Monoplejía, de una extremidad.
Hemiplejia, de un hemicuerpo.
Tenemos que conocer las diferencias entre la miopatía el músculo está afectado y su la
característica común a todas sus formas consiste en el debilitamiento y
degeneración progresiva de los músculos voluntarios, no es afectado por el SNC. Pero en la Parálisis cerebral el músculo se atrofia porque está afectado el
Sistema Nervioso Cerebral.
La miopatía más frecuente en la infancia es la
Enfermedad de Duchenne y brevemente explicaremos en qué consiste.
Enfermedad
de Duchenne.
Se manifiesta
entre 2 a 6 años, por una debilidad generalizada y pérdida del tejido
muscular, especialmente del tronco y las extremidades. El musculo no se activa
por sí solo, los nervios no están afectados.
La
espina bífida, es un desarrollo incompleto del cierre
del canal óseo de la columna vertebral, que deja expuesto tejido nervioso de la
médula espinal.
E. B. Oculta: Apertura en vértebras en la zona lumbar baja, pero sin daño de la médula espinal, por lo que
no hay discapacidad resultante.
Meningocele: La falta de cierre produce un abultamiento cubierto de piel en la espalda, con líquido
cefalorraquídeo. Suele haber afectación motriz leve.
Mielomeningocele: La falta de cierre da lugar a un abultamiento
que contiene tejido espinal y tejido de cobertura. La afectación motriz es
mayor.
Siringomielocele: Se da cuando el tejido contenido en el abultamiento
está formado por la propia médula espinal, que se ve altamente expuesta. Es la
forma con afectación más severa.
Los problemas habitualmente asociados a la
espina bífida, son problema genético, traumatismo durante el embarazo y por
exposición a radiación.
CUIDADO CON LOS RAYOS X, DURANTE EL PERIODO DE EMBARAZO.

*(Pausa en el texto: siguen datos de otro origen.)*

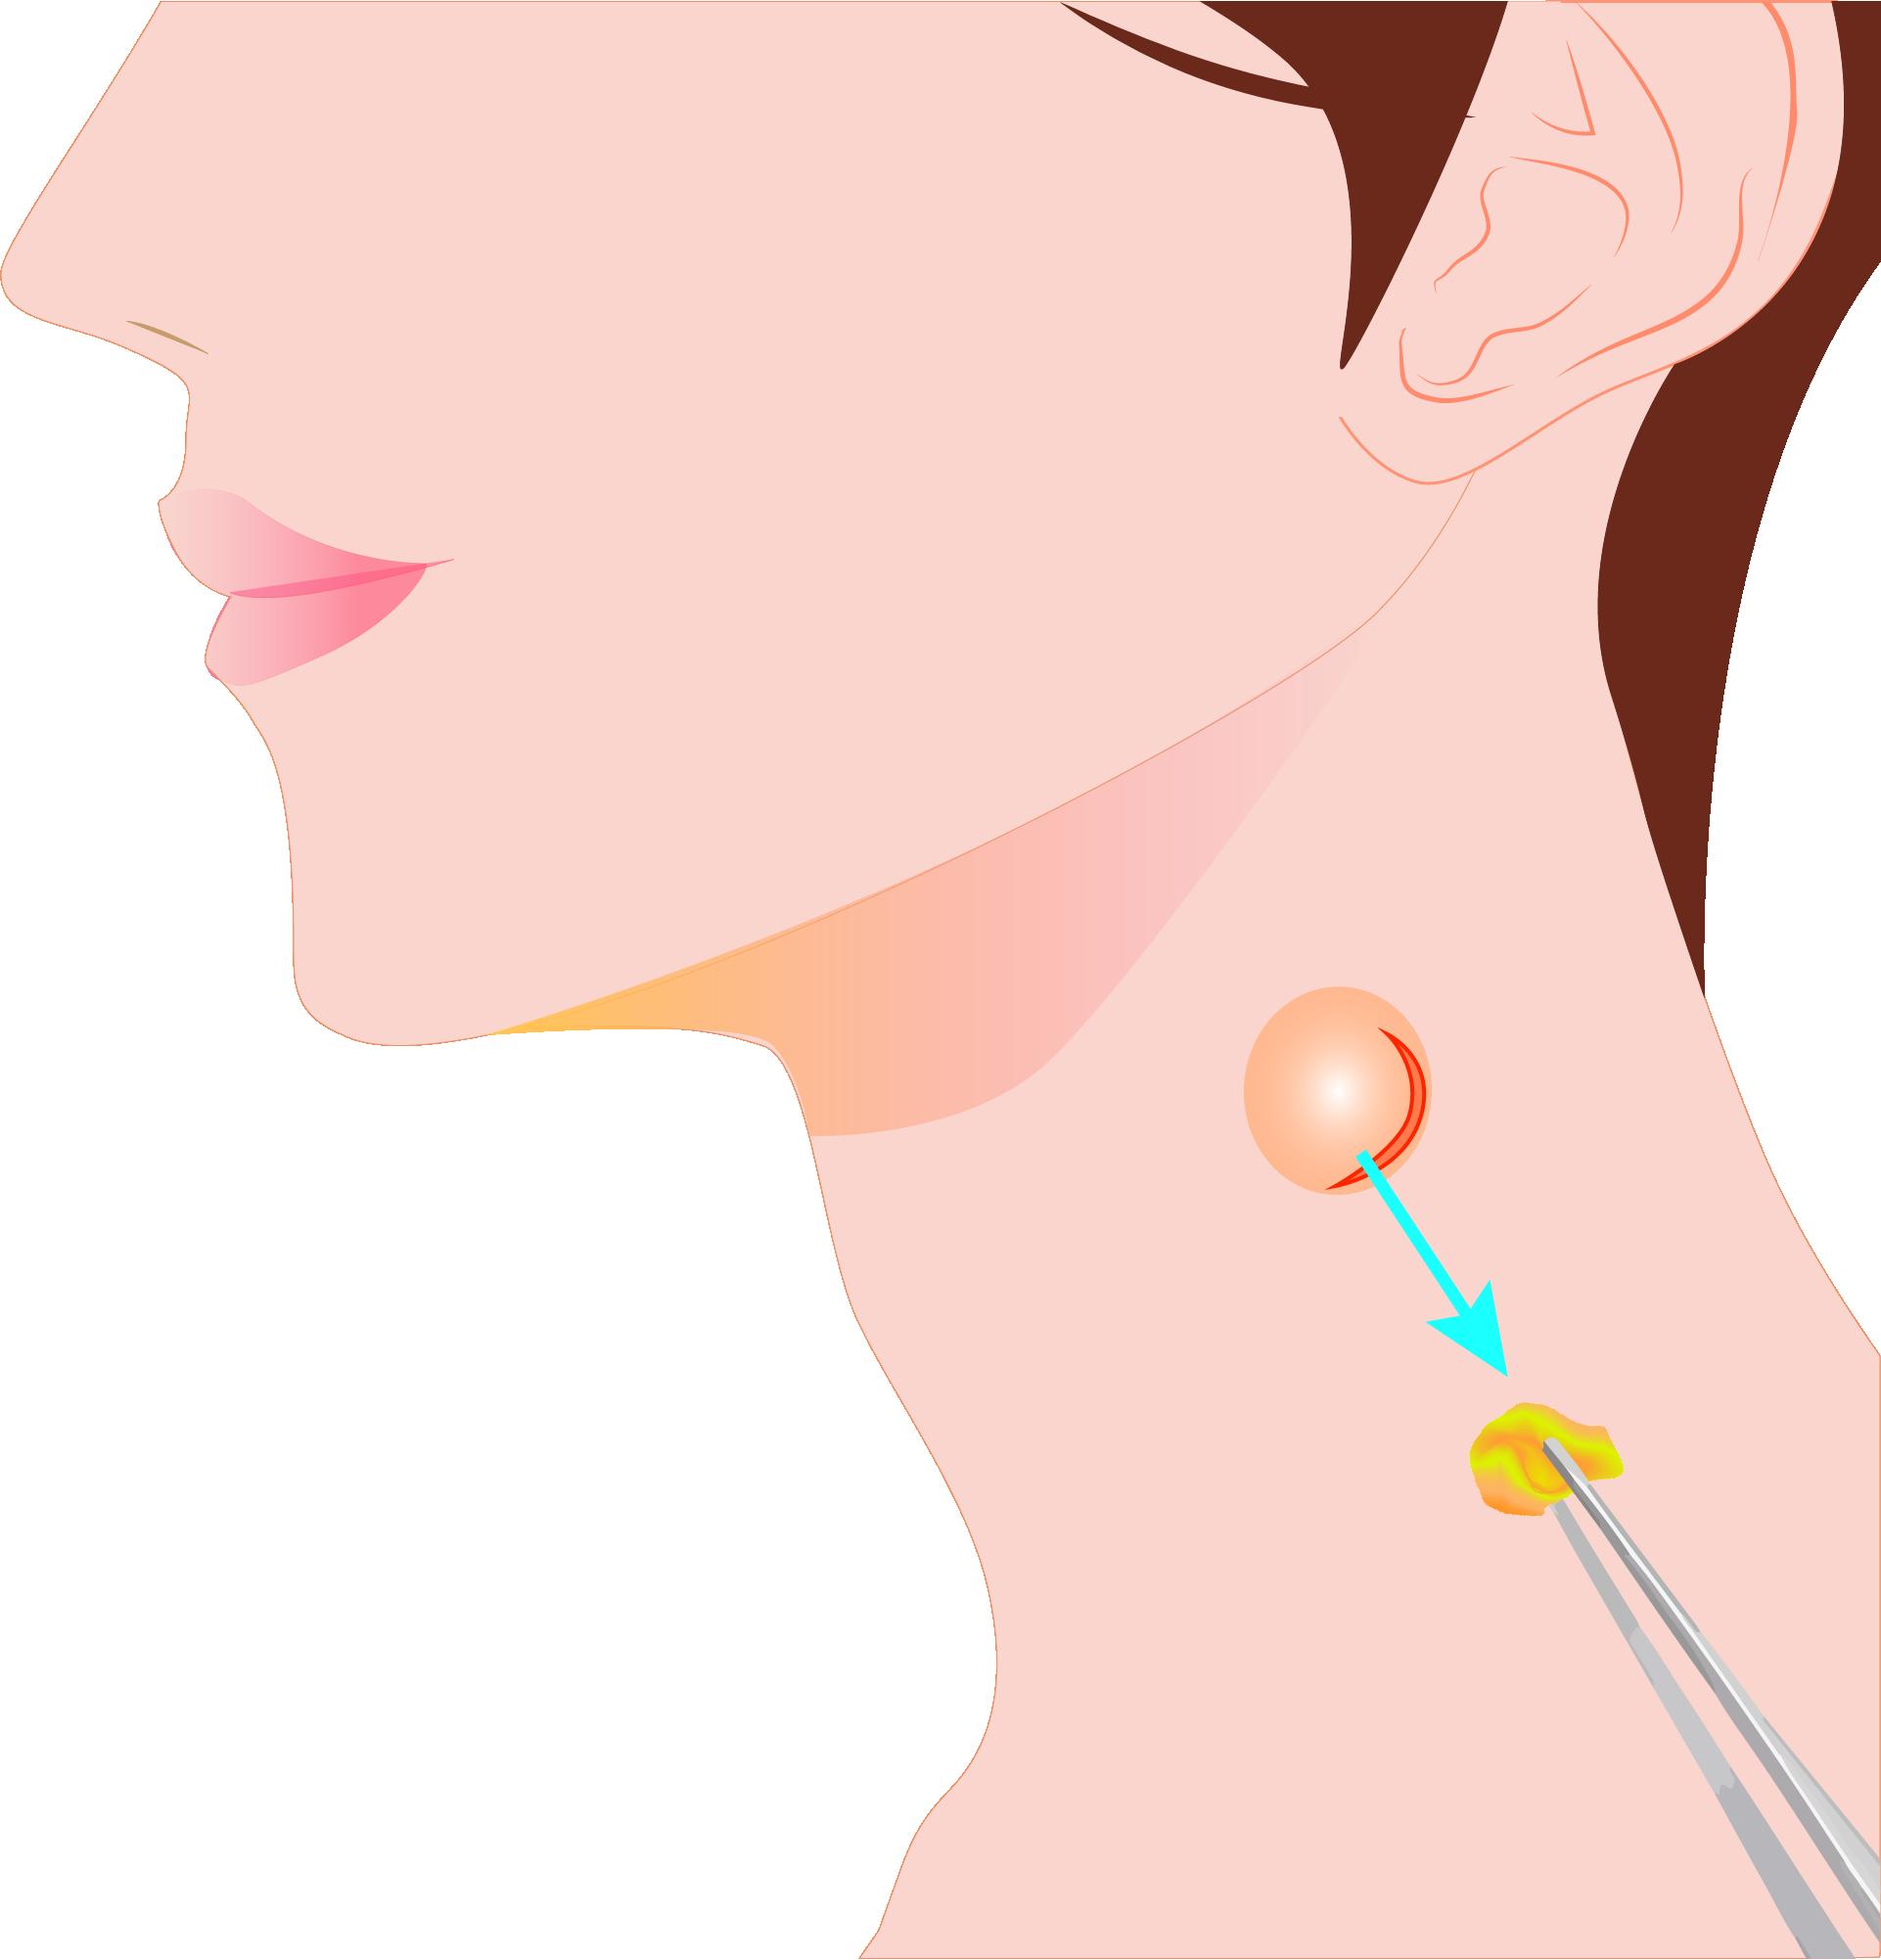 皮下腫瘍(粉瘤、石灰化上皮腫、脂肪腫など)

Se puede adquirir una parálisis cerebral
infantil después del nacimiento. Hay factores etiológicos postnatales, pues
hasta los 3 años no se determina que un cerebro es maduro. Puede ser por
Infecciones, Traumatismos, Accidentes de anestesias, Deshidrataciones,
Trastornos vasculares, Intoxicaciones.
La diferencia entre una parálisis cerebral
atetósica y otra atáxica es la siguiente: La lesión de la PC atáxica es a consecuencia de una lesión en el haz
piramidal que coordina los movimientos voluntarios. La PC atetósica afecta al
equilibrio y la precisión del movimiento, pero
no interfiere movimientos parásitos. Aunque normalmente la PC atetósica
suele presentarse asociada con la atetosis.
Parálisis
cerebral infantil espástica. La lesión es producida en el haz piramidal, y es
un incremento marcado del tono muscular.
Estas contracciones musculares son de dos
tipos:
a.
Lasque se dan en reposo.
b.
Aparecen por ejercer fuera o emoción.
Los trastornos asociados a la parálisis
cerebral son,
Alteraciones sensoperceptivas
Discapacidad intelectual
Trastornos de la comunicación y lenguaje
Epilepsia
Las áreas del desarrollo suelen presentar
necesidades especiales los alumnos con DM. Veamos en qué consisten esas
necesidades.
DESARROLLO COGNITIVO
Presenta los rasgos típicos de la discapacidad
intelectual, retraso mental más o menos
severo, heterocronía del desarrollo (que depende del tiempo), déficit de
integración funcional y lo que R. Zazzo llamó “viscosidad genética”.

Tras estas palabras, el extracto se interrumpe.